Provided entries —
-- Opening Marker --

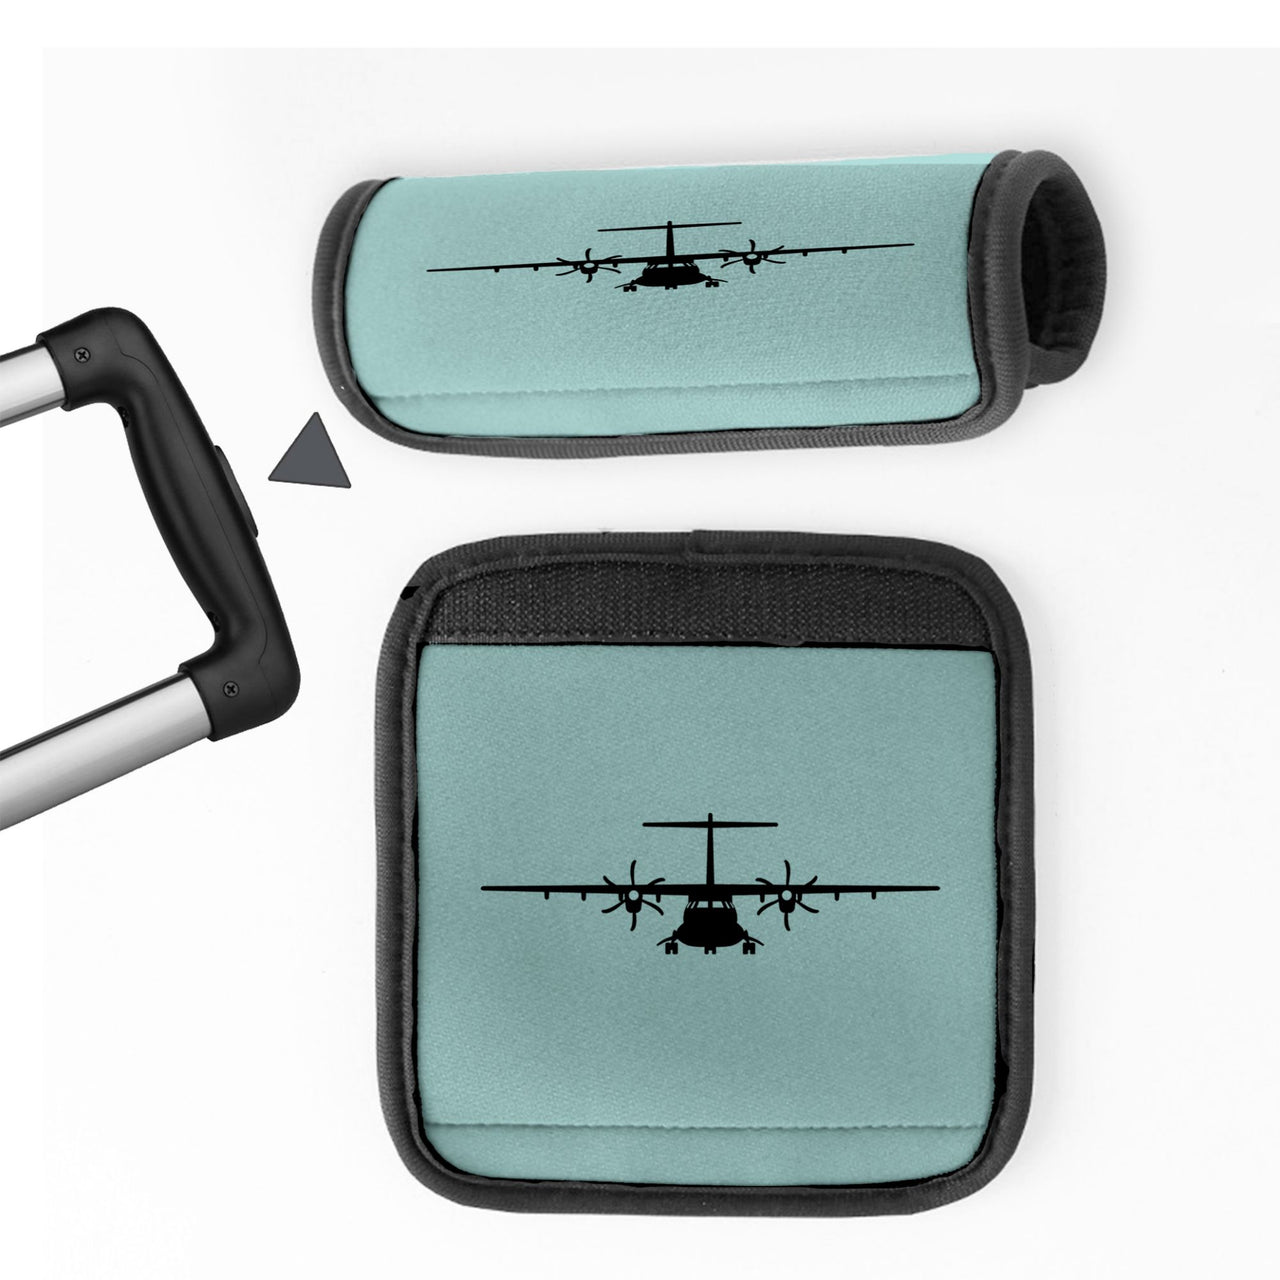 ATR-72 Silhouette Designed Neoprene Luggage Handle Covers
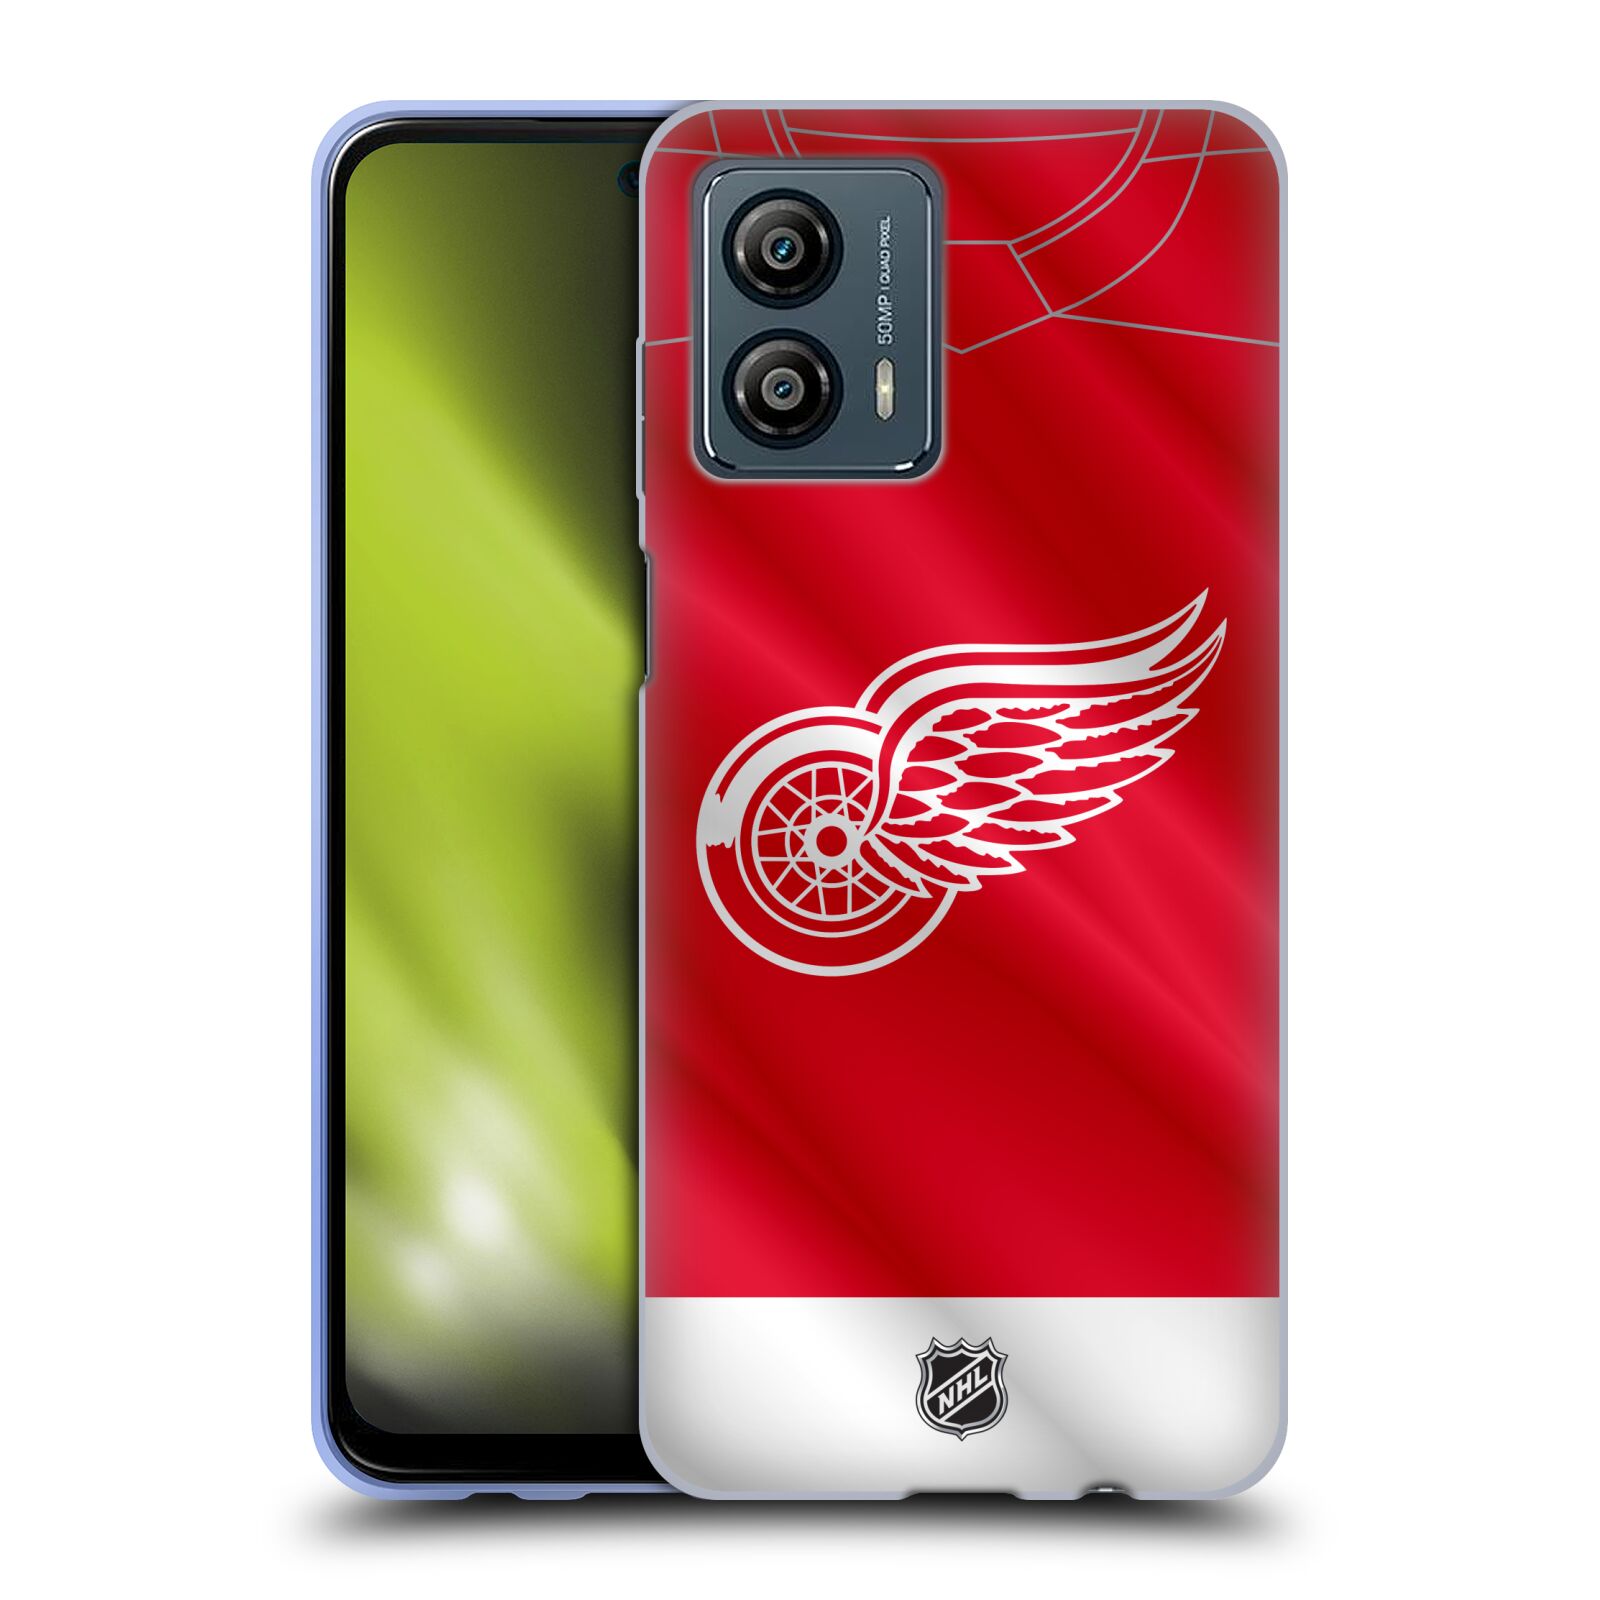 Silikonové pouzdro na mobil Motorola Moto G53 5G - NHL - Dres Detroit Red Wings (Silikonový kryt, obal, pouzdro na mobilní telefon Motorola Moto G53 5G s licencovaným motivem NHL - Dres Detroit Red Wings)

-- Closing Marker --
-- Opening Marker --

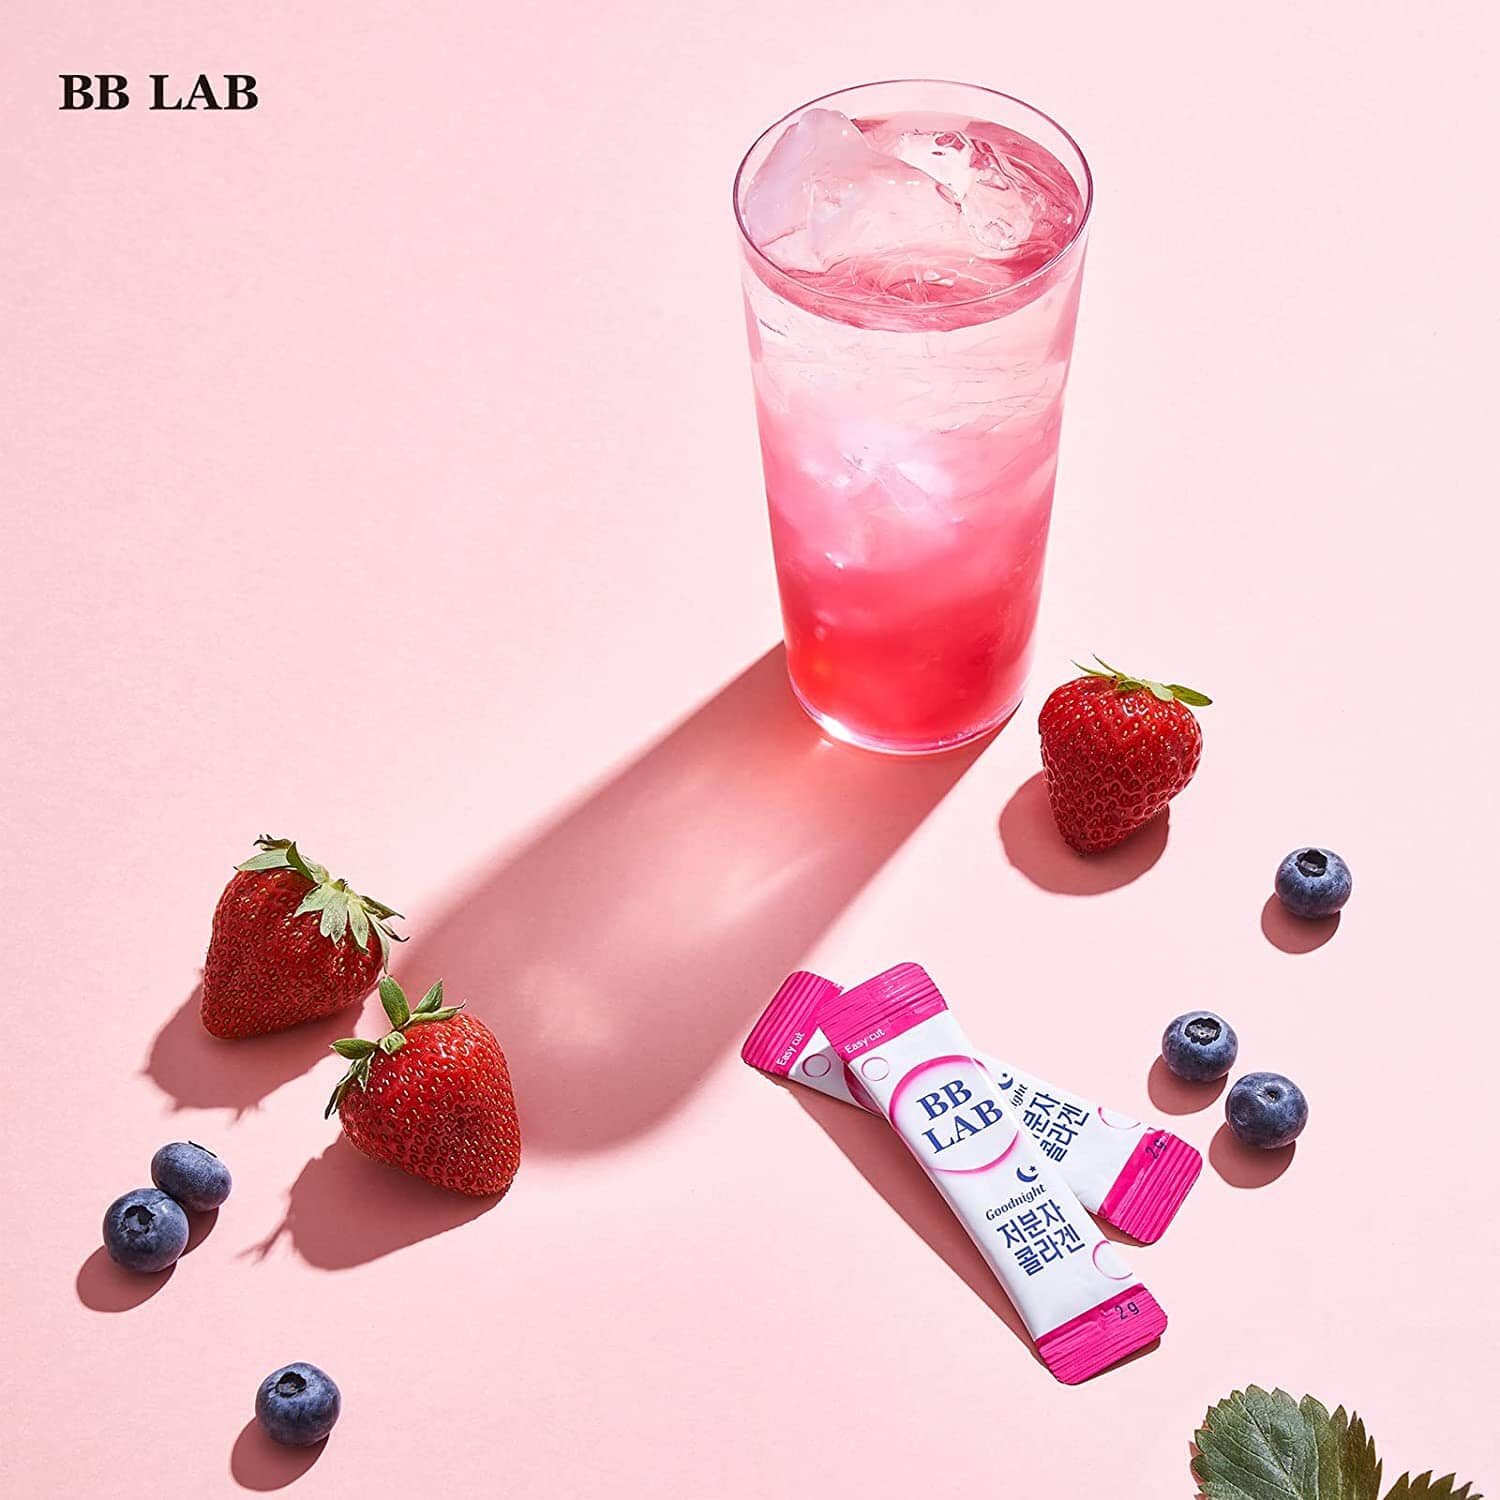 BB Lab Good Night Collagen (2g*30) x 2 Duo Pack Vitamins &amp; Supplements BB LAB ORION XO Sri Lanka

-- Closing Marker --

About this exercise —
Word for word, write out the lines above running from the one with "ATR-72 Silhouette Designed" up to and including the one with "Silikonové pouzdro na". Drop any picture.

Finished task —
 ATR-72 Silhouette Designed Neoprene Luggage Handle Covers
 Silikonové pouzdro na mobil Motorola Moto G53 5G - NHL - Dres Detroit Red Wings (Silikonový kryt, obal, pouzdro na mobilní telefon Motorola Moto G53 5G s licencovaným motivem NHL - Dres Detroit Red Wings)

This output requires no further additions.